I'm always surprized how fast the laundry builds up.  I do all the laundry in the house and think I can take a break from it for a day or two.  But it seems just a couple hours go by and the laundry basket is full again.


----------



## kadesma (Jul 29, 2005)

Ya know what guys, ghost and goblins just might be the culprits, I think they open the doors to the cabnits at night so the glasses and dishes can sneak out and jump in the sink while we sleep..The laundry just lays in wait for someone to leave the bin open just a crack, and slither, slide it goes onto the floor..Why I even think the garbage pail is letting the neighbors garbage in to play at night!!!  We need to put

the ghost police to work 

kadesma


----------



## callie (Jul 29, 2005)

who ya gonna call????


----------



## kadesma (Jul 29, 2005)

Good one Callie

kadesma


----------



## callie (Jul 29, 2005)

(i love that movie)


----------



## kadesma (Jul 29, 2005)

it was a good one 

kadesma


----------



## SierraCook (Jul 29, 2005)

I should be hanging up the pile of shirts and pants that are on my bed and then going to bed, but here I am not doing either!!


----------



## jkath (Jul 29, 2005)

I should be doing the same, Sierra - I have a mountain of socks that need sorting on the middle of my bed. 
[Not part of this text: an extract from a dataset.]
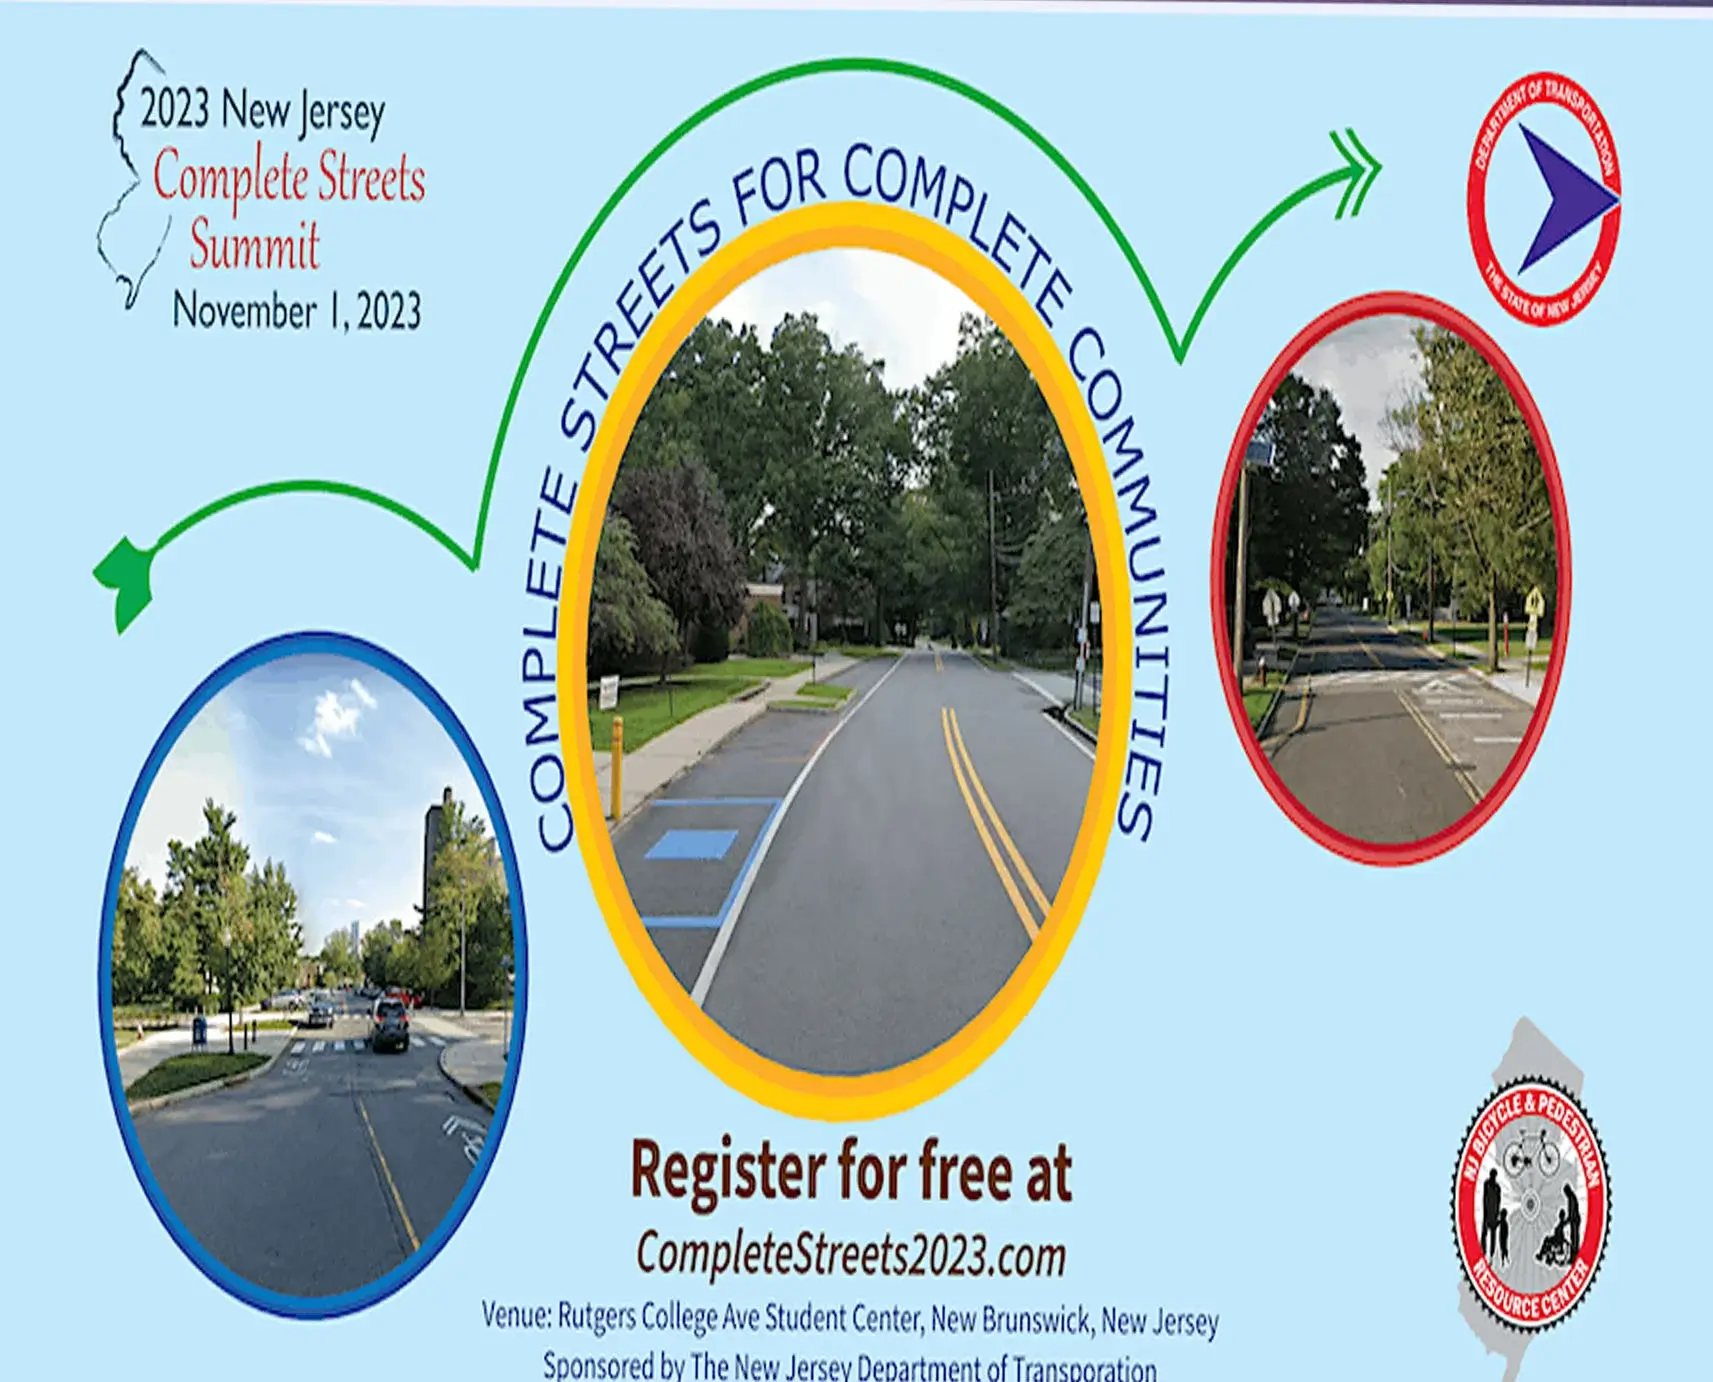 2023 New Jersey Complete Streets Summit

I need to clean the house, (especially sweep! My black doggie is quite the shedder!) So, I'm going to try to do it tomorrow at 6am before the start of my day. (then of course, there's the 6 loads of laundry that are calling to me.....)


----------



## mrsmac (Jul 29, 2005)

Do you find that you are alwys left with lots of odd socks??? Socks start out in pairs in my house but soon become rogue loners who are left to pile up unloved in the back room out of sight. Socks are one of my secret hates!
Having said that I should be either getting dinner ready or probably sorting out my ever increasing sock issues.


----------



## luvs (Jul 29, 2005)

i blame the washing machine. i think it eats our socks, lol!


----------



## Barbara L (Jul 29, 2005)

Well, I found out I don't have a 1750-2100 word research paper due Monday.  I have TWO 1750-2100 word research papers and a 15-20-slide PowerPoint due Monday.  So I should be working on them.  But, since it is 5:04 a.m., I think I will go to bed for awhile first.  So, goodnight!

 Barbara


----------



## mrsmac (Jul 29, 2005)

Barbara L said:
			
		

> Well, I found out I don't have a 1750-2100 word research paper due Monday. I have TWO 1750-2100 word research papers and a 15-20-slide PowerPoint due Monday. So I should be working on them. But, since it is 5:04 a.m., I think I will go to bed for awhile first. So, goodnight!
> 
> Barbara


Is that for school??????? Eeeek they work you teachers hard over there! 
Get some sleep, theres nothing worse than teaching on too little sleep is there?? Or are you still on your summer break?


----------



## crewsk (Jul 29, 2005)

I should be folding laundry, emptying & loading the dishwasher, sweeping, dusting, & cleaning the bathrooms. It's raining though & I just want to curl up under a blanket & go back to bed.


----------



## Barbara L (Jul 29, 2005)

mrsmac said:
			
		

> Is that for school??????? Eeeek they work you teachers hard over there!
> Get some sleep, theres nothing worse than teaching on too little sleep is there?? Or are you still on your summer break?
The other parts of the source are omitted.